On the CLI split, Claude Fable 5 clears at least half of a task’s hidden tests on 73 of the 120 migrations, followed by Claude Opus 5 on 64 and GPT-5.6 Sol on 62. Fable 5 retains its clearest lead at higher thresholds: 64 tasks pass at least 65% of their hidden tests, compared with 48 for Opus 5 and 44 for GPT-5.6 Sol. Fable 5 is also the only model to fully reproduce any CLI task, resolving 6 of 120.

Methodology

Every task runs the same way. The model works in an offline sandbox with the source program and task instructions, and submits a target-language implementation plus a Dockerfile. The grader builds that image and runs a hidden behavior-test suite the model never sees. Before scoring, a separate anti-cheat checker inspects each submission and zeroes any that wrap the original executable, copy reference artifacts, or hardcode expected outputs. It also verifies that the submission is actually written in the requested target language, so a model cannot pass by leaving the program in its source language.

The CLI split is 30 open-source repositories spanning Python, Java, Kotlin, Rust, and C++. Each is migrated into its four non-source target languages (120 scored repository-language migrations in all), and every migration is graded against a hidden suite of roughly 100 to 400 behavior tests, exercised through the program’s command-line interface. The COBOL split is a 10-repository COBOL-to-Java test set (a mix of open-source COBOL programs and synthetic operational systems built for the benchmark) that stresses file formats, batch workflows, terminal interfaces, and persistent state.
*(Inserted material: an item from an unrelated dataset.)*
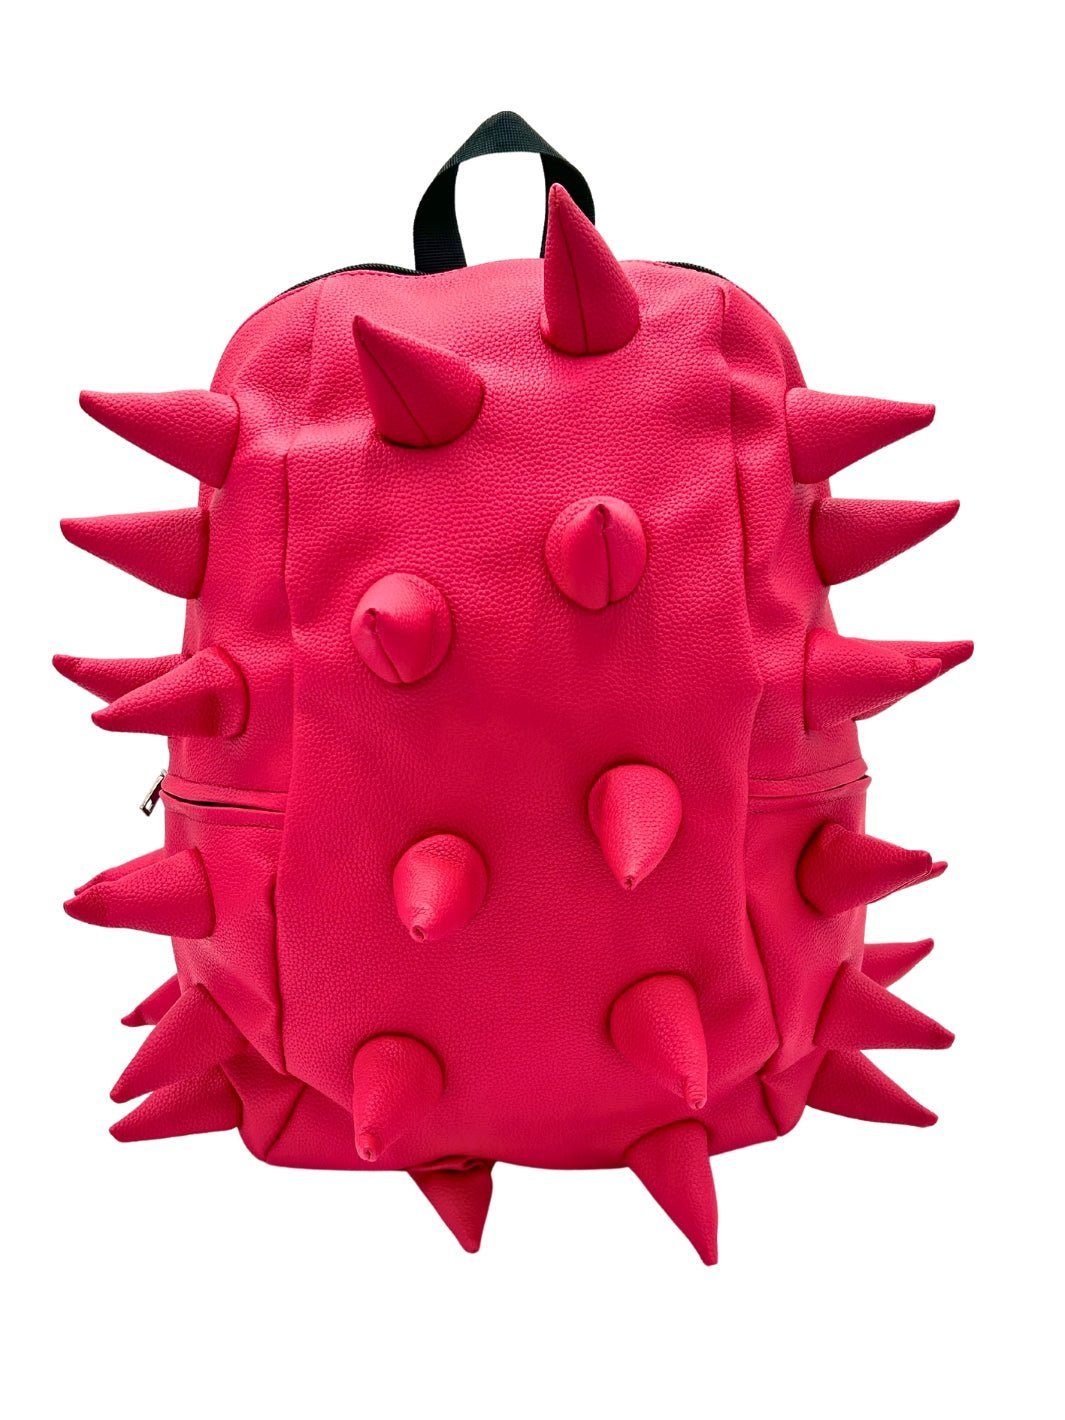 Think Pink Backpack - Madpax

The headline score is hidden-test pass rate. A CLI repository’s score is the average across its four target languages, so all 30 repositories count equally despite the language fan-out. The Overall score keeps every source repository equally weighted, which gives the CLI split (30 repositories) three times the weight of COBOL (10). Code quality is reported as a separate diagnostic (a reviewer rating of readability, documentation, structure, and idiomatic style) and never affects the pass-rate score.